[Dataset records]
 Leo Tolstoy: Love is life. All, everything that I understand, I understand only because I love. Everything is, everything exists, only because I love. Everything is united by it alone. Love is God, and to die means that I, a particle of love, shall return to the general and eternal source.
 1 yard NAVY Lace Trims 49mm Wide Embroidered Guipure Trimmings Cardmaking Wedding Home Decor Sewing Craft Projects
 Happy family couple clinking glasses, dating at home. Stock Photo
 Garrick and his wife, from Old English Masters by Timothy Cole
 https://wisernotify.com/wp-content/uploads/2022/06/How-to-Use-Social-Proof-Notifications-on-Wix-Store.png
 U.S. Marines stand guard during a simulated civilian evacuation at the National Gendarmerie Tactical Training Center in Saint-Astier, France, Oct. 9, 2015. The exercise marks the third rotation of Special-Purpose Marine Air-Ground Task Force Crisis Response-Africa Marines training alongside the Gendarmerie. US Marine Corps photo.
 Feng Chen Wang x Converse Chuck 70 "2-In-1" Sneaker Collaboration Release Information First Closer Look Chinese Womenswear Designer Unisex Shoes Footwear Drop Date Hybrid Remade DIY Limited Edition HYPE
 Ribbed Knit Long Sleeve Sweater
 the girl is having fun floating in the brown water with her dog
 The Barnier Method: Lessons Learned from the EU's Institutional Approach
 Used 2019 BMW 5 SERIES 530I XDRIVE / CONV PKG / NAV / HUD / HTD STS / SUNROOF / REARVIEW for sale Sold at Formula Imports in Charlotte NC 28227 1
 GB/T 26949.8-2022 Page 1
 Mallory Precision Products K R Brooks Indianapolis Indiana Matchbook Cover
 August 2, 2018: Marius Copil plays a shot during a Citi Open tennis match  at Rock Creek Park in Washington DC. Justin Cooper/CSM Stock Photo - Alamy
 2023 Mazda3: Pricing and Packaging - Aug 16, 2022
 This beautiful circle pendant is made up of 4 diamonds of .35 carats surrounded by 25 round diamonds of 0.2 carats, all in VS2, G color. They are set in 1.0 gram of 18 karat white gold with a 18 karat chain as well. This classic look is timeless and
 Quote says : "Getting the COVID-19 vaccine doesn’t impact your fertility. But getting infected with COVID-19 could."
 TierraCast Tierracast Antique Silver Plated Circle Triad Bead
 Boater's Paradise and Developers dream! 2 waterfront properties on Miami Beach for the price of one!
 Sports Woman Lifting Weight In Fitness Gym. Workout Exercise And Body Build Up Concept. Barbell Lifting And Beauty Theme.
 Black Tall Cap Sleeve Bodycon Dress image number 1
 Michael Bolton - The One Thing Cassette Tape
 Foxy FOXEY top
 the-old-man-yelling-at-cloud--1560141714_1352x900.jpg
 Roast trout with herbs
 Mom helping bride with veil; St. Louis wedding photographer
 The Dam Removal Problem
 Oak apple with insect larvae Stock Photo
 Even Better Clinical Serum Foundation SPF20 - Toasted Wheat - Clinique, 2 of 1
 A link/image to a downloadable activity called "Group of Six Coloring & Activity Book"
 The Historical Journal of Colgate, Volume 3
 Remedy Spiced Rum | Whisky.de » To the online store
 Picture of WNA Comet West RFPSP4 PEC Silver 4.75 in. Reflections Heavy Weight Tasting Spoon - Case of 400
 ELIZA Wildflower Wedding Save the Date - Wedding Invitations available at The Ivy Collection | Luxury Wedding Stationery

What needs to be done: Would you write the records out again, word for word?

Solution:
 Leo Tolstoy: Love is life. All, everything that I understand, I understand only because I love. Everything is, everything exists, only because I love. Everything is united by it alone. Love is God, and to die means that I, a particle of love, shall return to the general and eternal source.
 1 yard NAVY Lace Trims 49mm Wide Embroidered Guipure Trimmings Cardmaking Wedding Home Decor Sewing Craft Projects
 Happy family couple clinking glasses, dating at home. Stock Photo
 Garrick and his wife, from Old English Masters by Timothy Cole
 https://wisernotify.com/wp-content/uploads/2022/06/How-to-Use-Social-Proof-Notifications-on-Wix-Store.png
 U.S. Marines stand guard during a simulated civilian evacuation at the National Gendarmerie Tactical Training Center in Saint-Astier, France, Oct. 9, 2015. The exercise marks the third rotation of Special-Purpose Marine Air-Ground Task Force Crisis Response-Africa Marines training alongside the Gendarmerie. US Marine Corps photo.
 Feng Chen Wang x Converse Chuck 70 "2-In-1" Sneaker Collaboration Release Information First Closer Look Chinese Womenswear Designer Unisex Shoes Footwear Drop Date Hybrid Remade DIY Limited Edition HYPE
 Ribbed Knit Long Sleeve Sweater
 the girl is having fun floating in the brown water with her dog
 The Barnier Method: Lessons Learned from the EU's Institutional Approach
 Used 2019 BMW 5 SERIES 530I XDRIVE / CONV PKG / NAV / HUD / HTD STS / SUNROOF / REARVIEW for sale Sold at Formula Imports in Charlotte NC 28227 1
 GB/T 26949.8-2022 Page 1
 Mallory Precision Products K R Brooks Indianapolis Indiana Matchbook Cover
 August 2, 2018: Marius Copil plays a shot during a Citi Open tennis match  at Rock Creek Park in Washington DC. Justin Cooper/CSM Stock Photo - Alamy
 2023 Mazda3: Pricing and Packaging - Aug 16, 2022
 This beautiful circle pendant is made up of 4 diamonds of .35 carats surrounded by 25 round diamonds of 0.2 carats, all in VS2, G color. They are set in 1.0 gram of 18 karat white gold with a 18 karat chain as well. This classic look is timeless and
 Quote says : "Getting the COVID-19 vaccine doesn’t impact your fertility. But getting infected with COVID-19 could."
 TierraCast Tierracast Antique Silver Plated Circle Triad Bead
 Boater's Paradise and Developers dream! 2 waterfront properties on Miami Beach for the price of one!
 Sports Woman Lifting Weight In Fitness Gym. Workout Exercise And Body Build Up Concept. Barbell Lifting And Beauty Theme.
 Black Tall Cap Sleeve Bodycon Dress image number 1
 Michael Bolton - The One Thing Cassette Tape
 Foxy FOXEY top
 the-old-man-yelling-at-cloud--1560141714_1352x900.jpg
 Roast trout with herbs
 Mom helping bride with veil; St. Louis wedding photographer
 The Dam Removal Problem
 Oak apple with insect larvae Stock Photo
 Even Better Clinical Serum Foundation SPF20 - Toasted Wheat - Clinique, 2 of 1
 A link/image to a downloadable activity called "Group of Six Coloring & Activity Book"
 The Historical Journal of Colgate, Volume 3
 Remedy Spiced Rum | Whisky.de » To the online store
 Picture of WNA Comet West RFPSP4 PEC Silver 4.75 in. Reflections Heavy Weight Tasting Spoon - Case of 400
 ELIZA Wildflower Wedding Save the Date - Wedding Invitations available at The Ivy Collection | Luxury Wedding Stationery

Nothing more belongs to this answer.